### DATA SECTION:
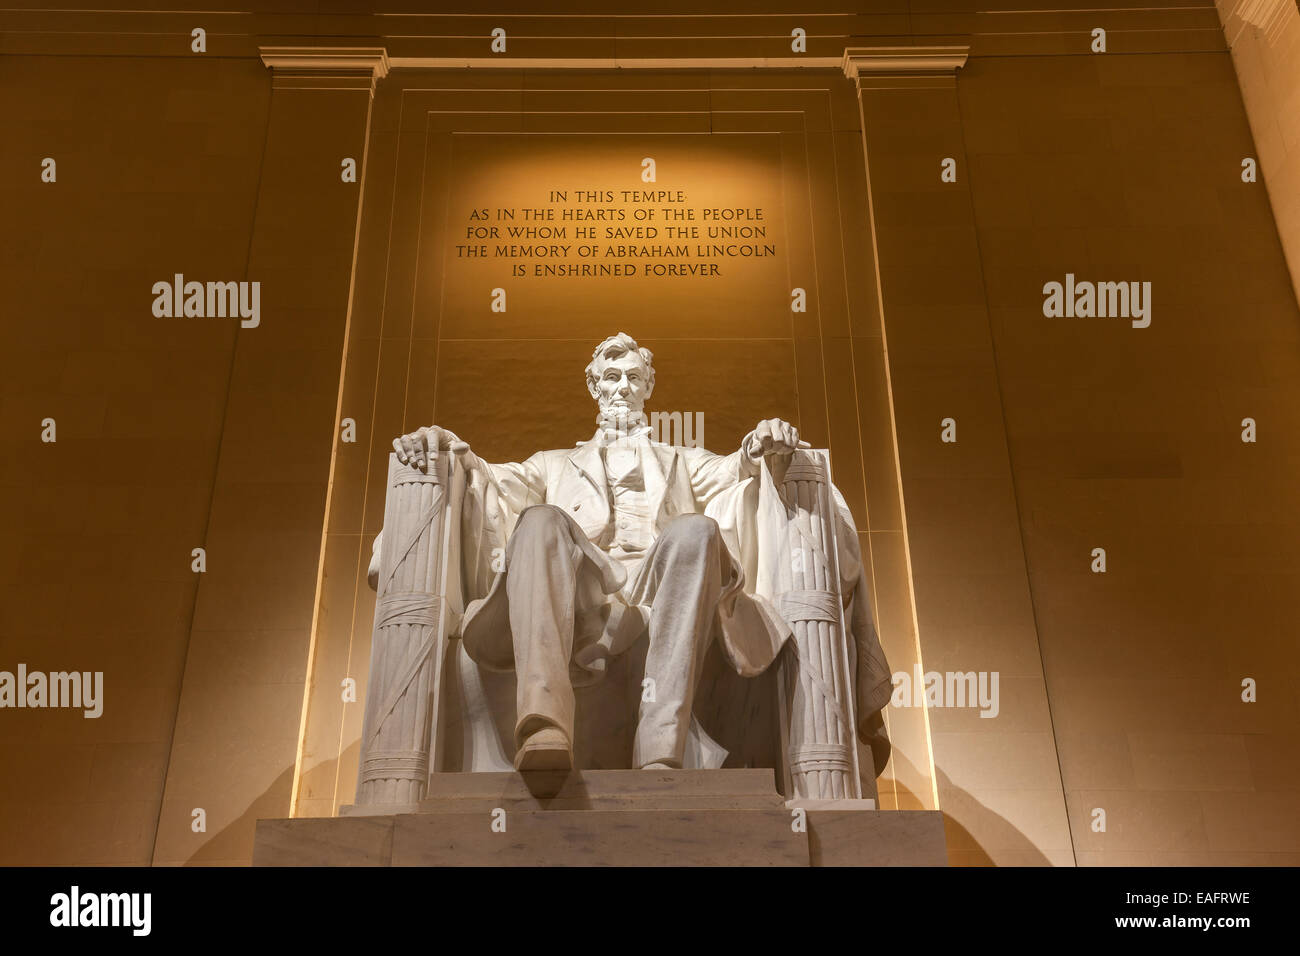 The Lincoln Memorial is an American national monument built to honor the 16th President of the United States, Abraham Lincoln. Stock Photo
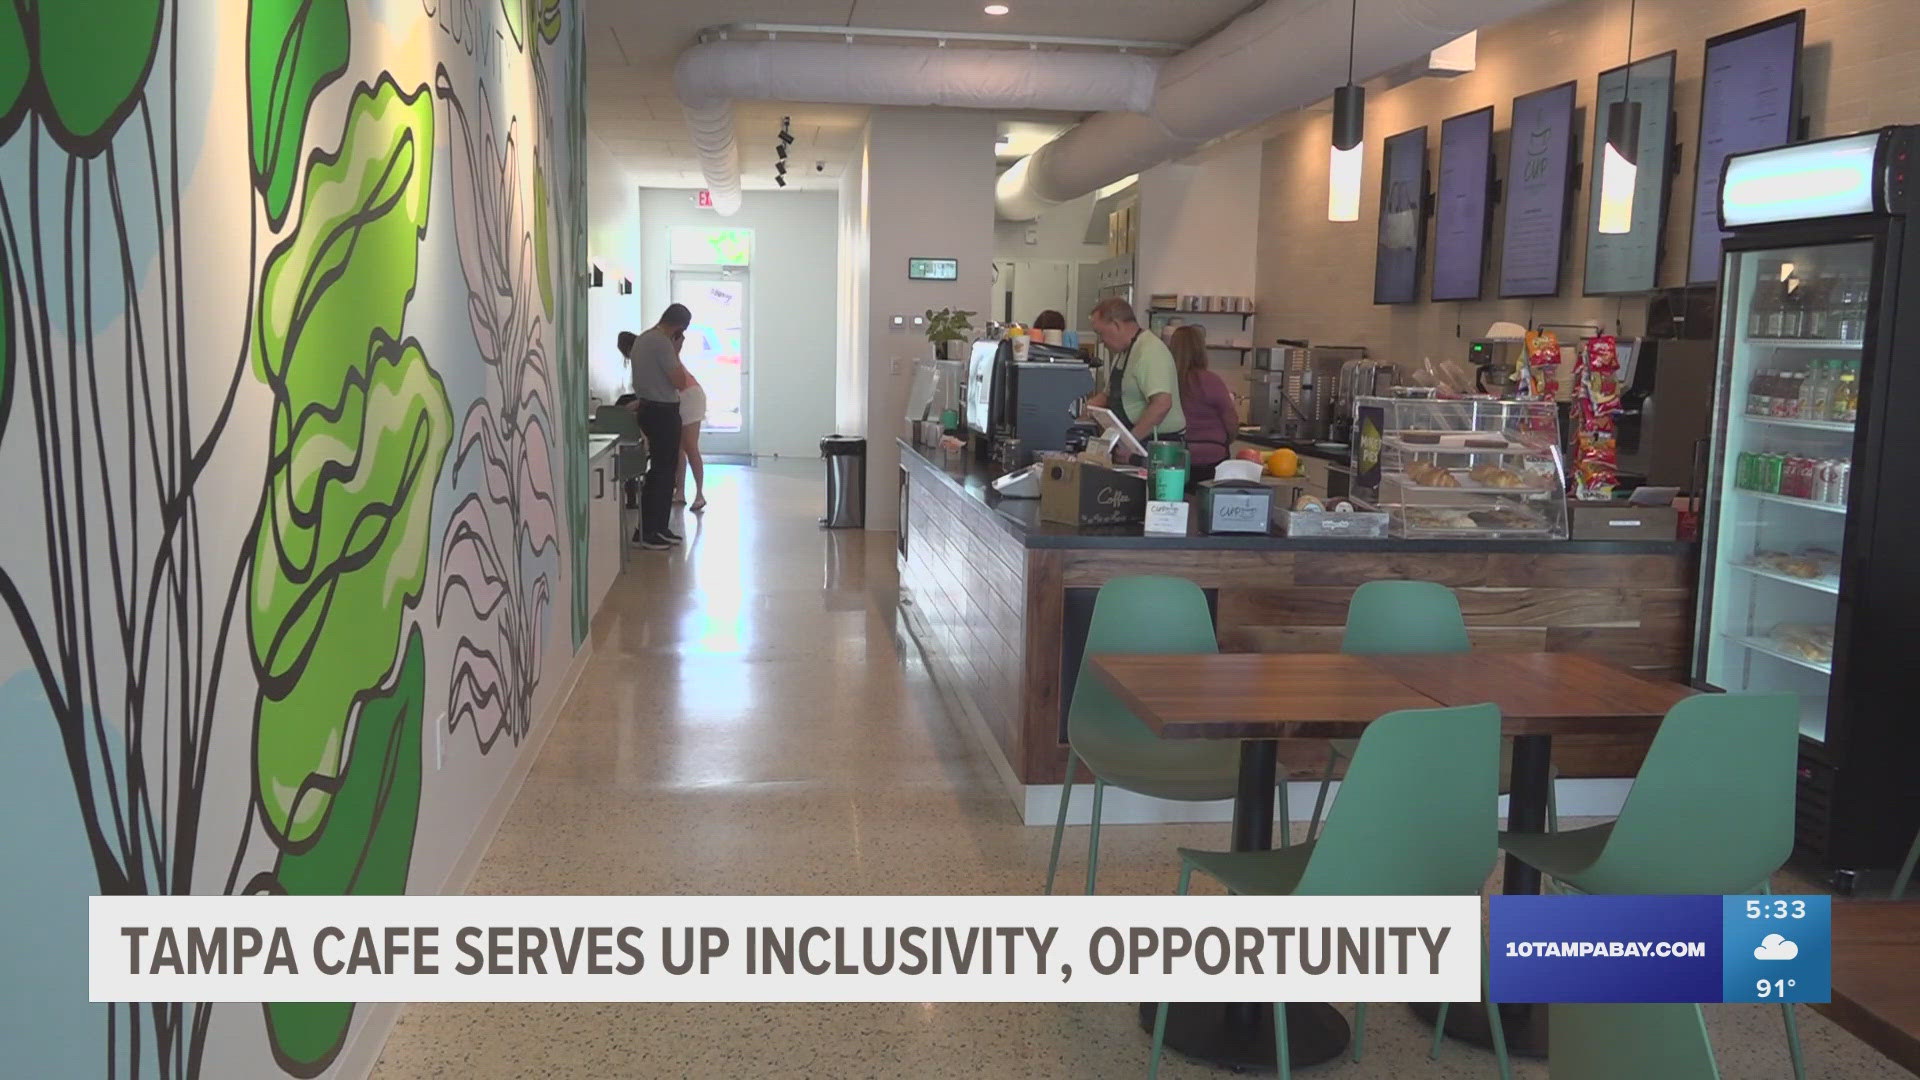 CUP, or Coffee Uniting People, is a local non-profit that employs people over 22 with disabilities.
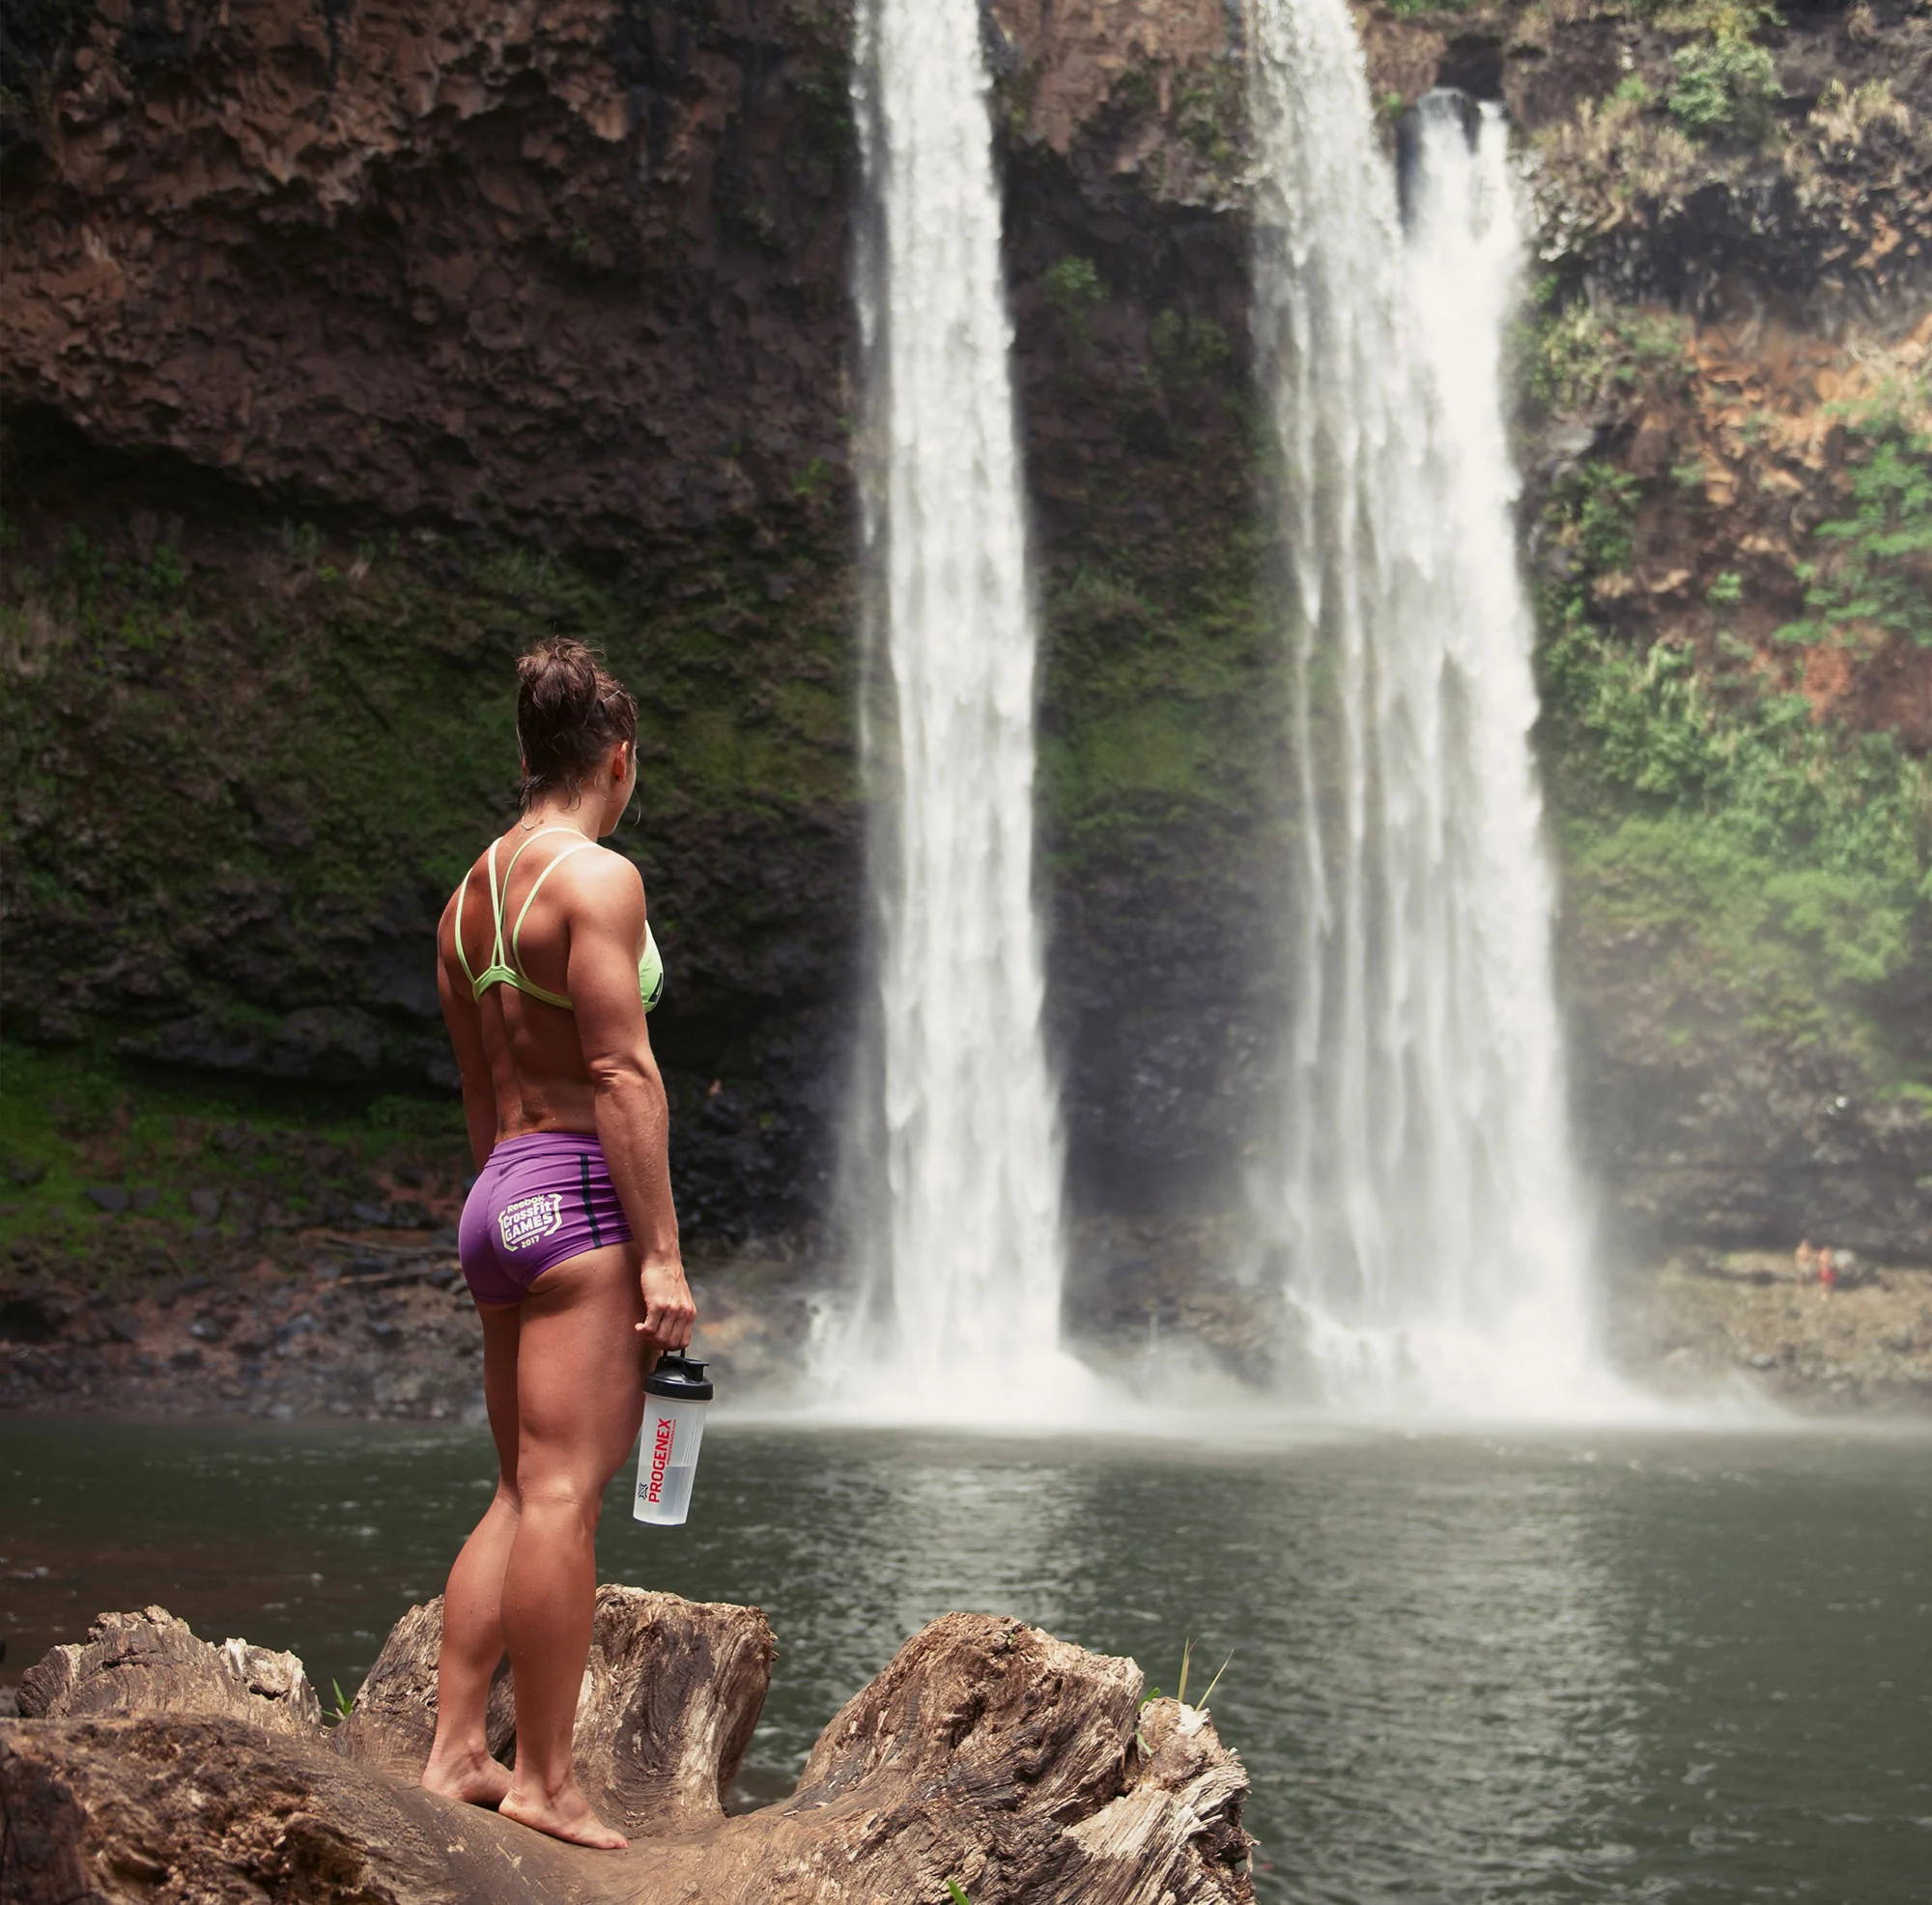 Woman standing in front of falling waterfall with PROGENEX shaker in hand
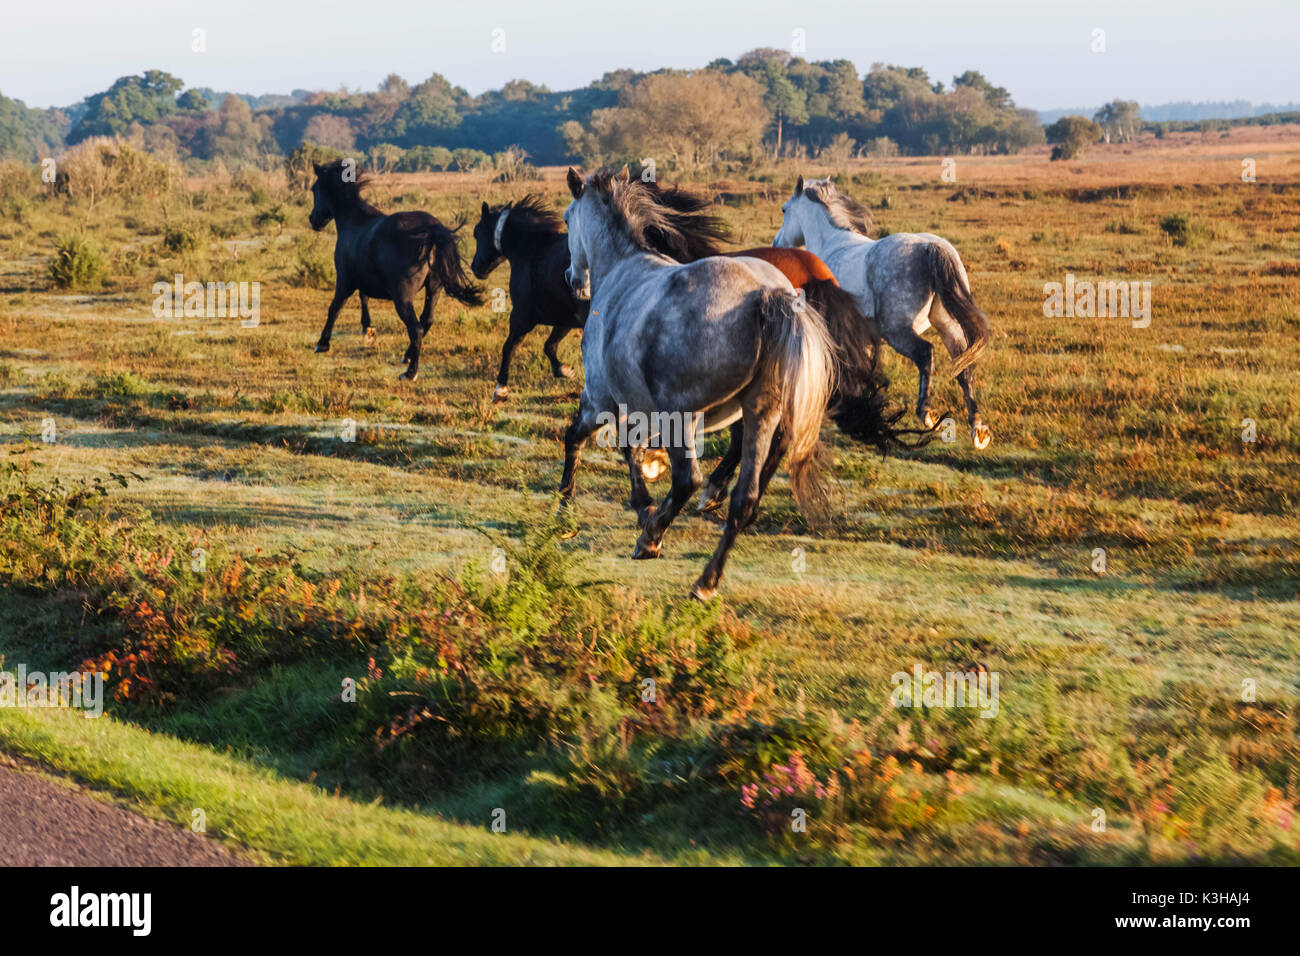 England, Hampshire, New Forest, Horses Galloping Stock Photo

### EXERCISE:
Nothing but the pictures is to be left out; repeat the data exactly.

### EXERCISE OUTPUT:
 The Lincoln Memorial is an American national monument built to honor the 16th President of the United States, Abraham Lincoln. Stock Photo
 CUP, or Coffee Uniting People, is a local non-profit that employs people over 22 with disabilities.
 Woman standing in front of falling waterfall with PROGENEX shaker in hand
 England, Hampshire, New Forest, Horses Galloping Stock Photo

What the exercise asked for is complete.